The Israel assault on Gaza has left many of us angry and sick at heart. The glaring injustice of the conflict is reflected in the wildly disproportionate casualty figures. The government of Israel says it was motivated by fear of Palestinian rockets and mortars.
From November 2001 to November 2008, precisely 23 people were killed inside Israel by Qassam rockets (15) and by mortars (8) fired from Gaza (not all by Hamas), according to the pro-Israeli-government group The Israel Project (“As Israel faces threats from Iran and their proxies Hezbollah and Hamas, TIP is working to protect Israel and your global Jewish family”).
Richard Falk, UN special rapporteur for the Occupied Palestine Territories, who was denied entry to Israel on 14 December, and then expelled, while trying to carry out his human rights work in the Occupied Territories, points out in a scathing report to the UN Human Rights Council that: “For the year prior to 27 December, not a single Israeli death resulted from rockets fired from Gaza.”
Ostensibly to prevent the threat of a further 23 Israelis being killed in the next seven years, the Israeli Defence Forces killed an estimated 1,300 Palestinians within 22 days.
The simple truth is that Palestinian lives, Arab lives, are of no consequence for Israeli decision-makers – or for British decision-makers, who continue to licence arms sales to Israel, including components for F-16s and Apache attack helicopters.

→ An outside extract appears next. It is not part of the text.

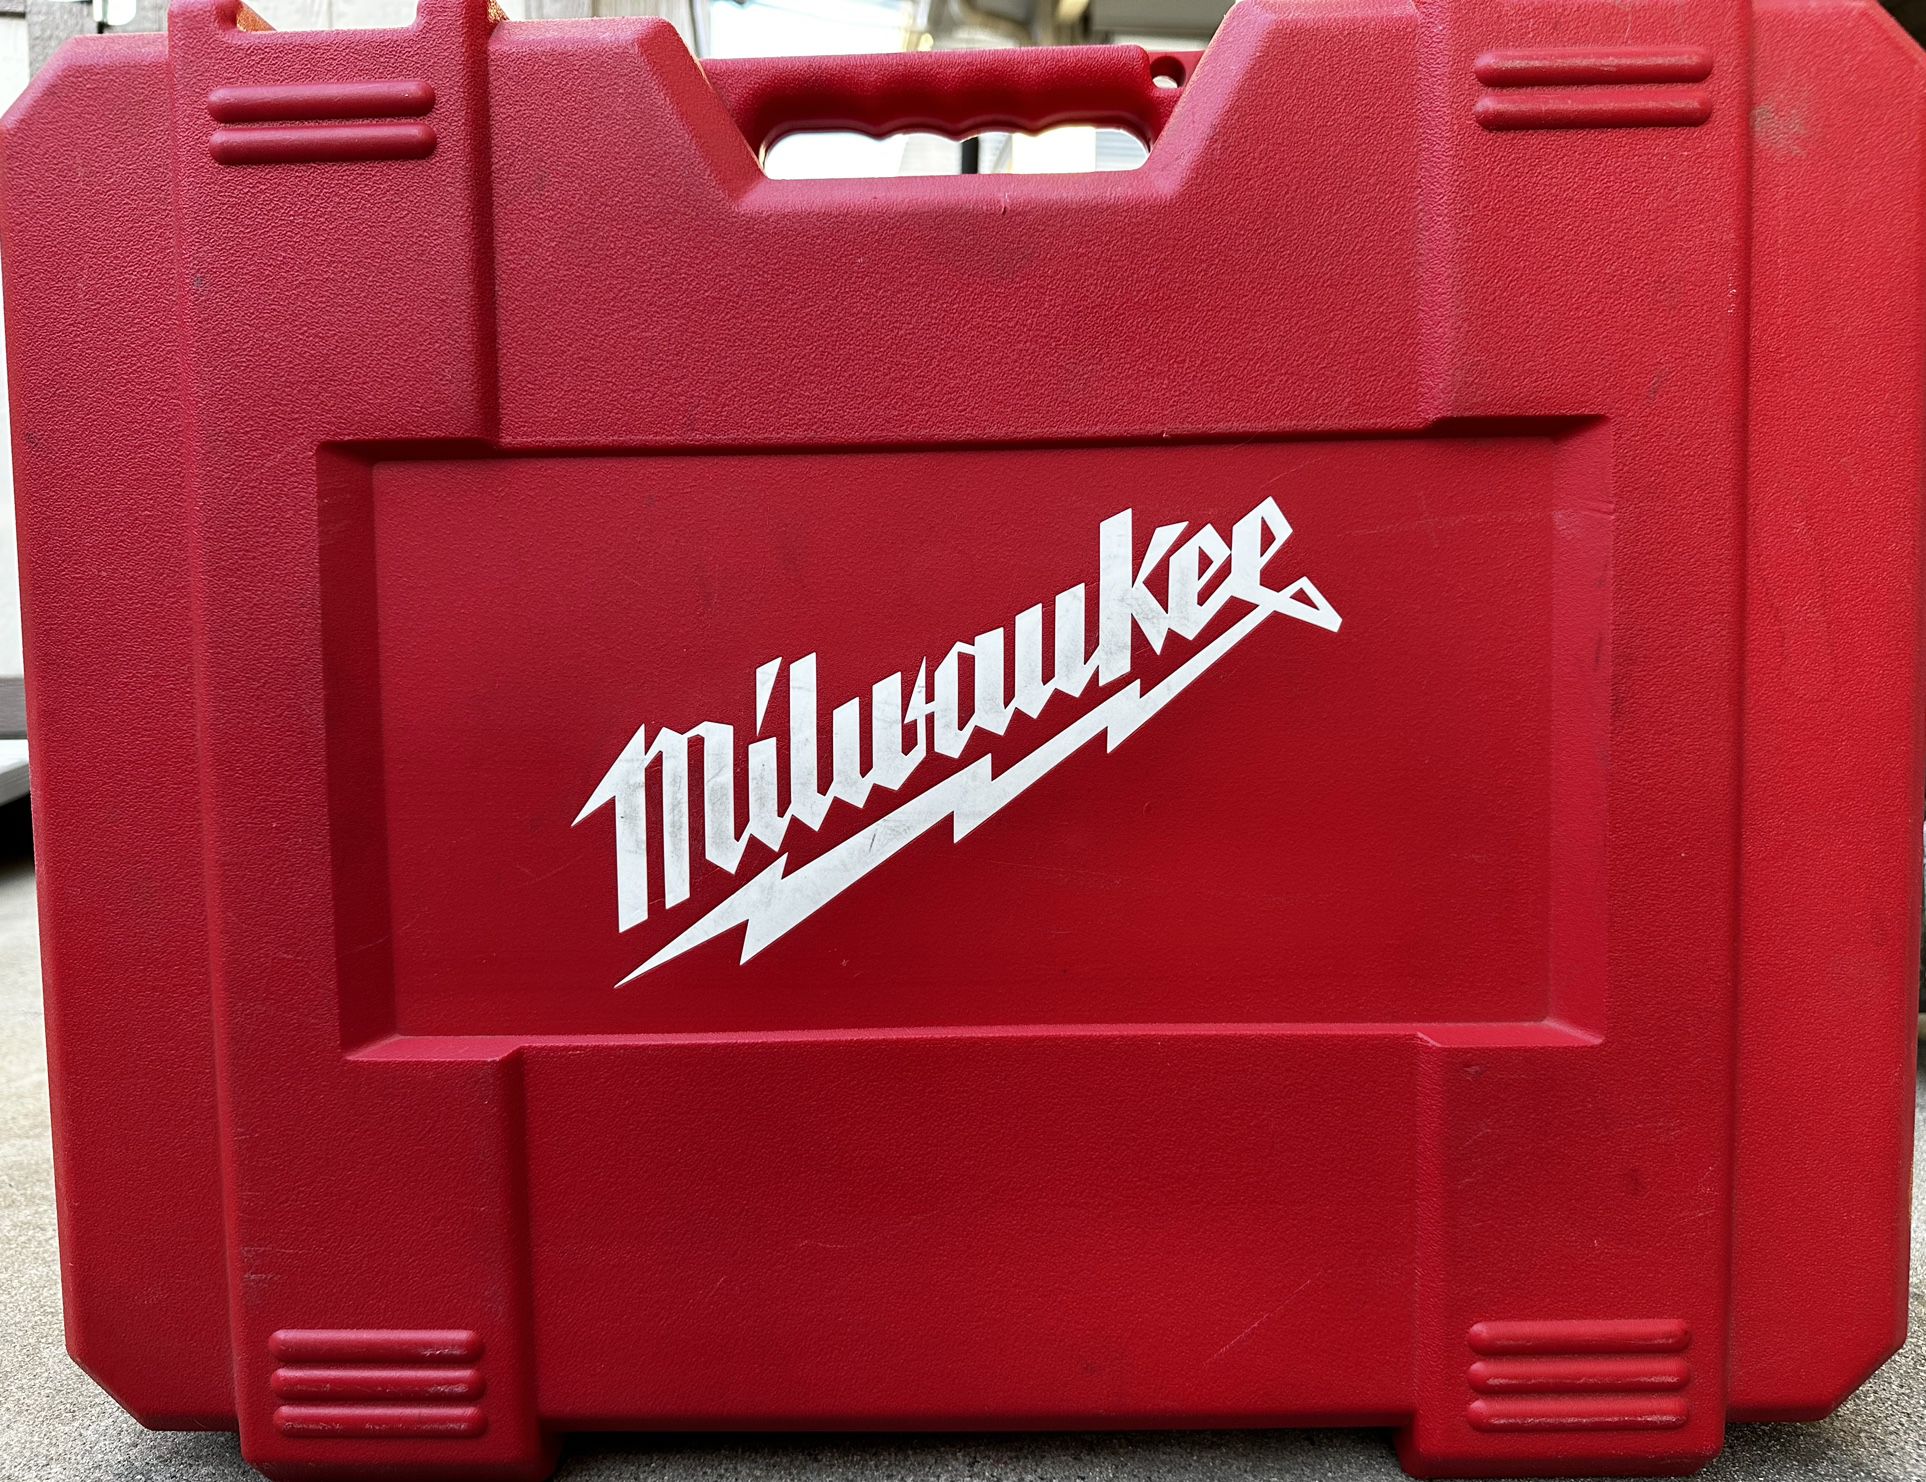 Milwaukee Drill And Sawzall Kit

Peace News salutes not only those international activists who courageously travelled to Gaza to confront Israeli power, but also those who have nonviolently confronted Britain’s share of the responsibility for the crimes we have just witnessed, whether on the streets of British towns and cities, or at arms manufacturers in Brighton, Bristol, Nottingham and Shenstone.
Our central responsibility here in Britain is to stop aiding the Israeli state in its effort to crush organised Palestinian society.
If we cannot bring an end to Britain’s arms exports to and diplomatic support for Israel’s military machine, the blood of Gaza is on our hands. If we cannot stop Gordon Brown sending Royal Navy ships to assist in the siege of Gaza, the blood of Gaza is on our hands.
What the Middle East needs is justice for Palestine, which right now means a two-state solution based on the 1967 borders – the international consensus, which the Arab League, Hamas and Iran have all indicated they are willing to accept.
Justice means, at a minimum, the withdrawal of Israeli settlements/colonies and military forces from the Occupied Territories, the creation of a viable Palestinian state, and reparations for the tremendous damage done to the Palestinians.
Restorative justice means that victims, in this case the Palestinians, have the right to tell their story and to be heard in full by the offender – something highlighted by Starhawk in her wonderful essay published in this issue. Restorative justice means reparations that may provoke real change in the offender.
Peace News will be returning to this theme of restorative justice, at the international, the national and the local levels.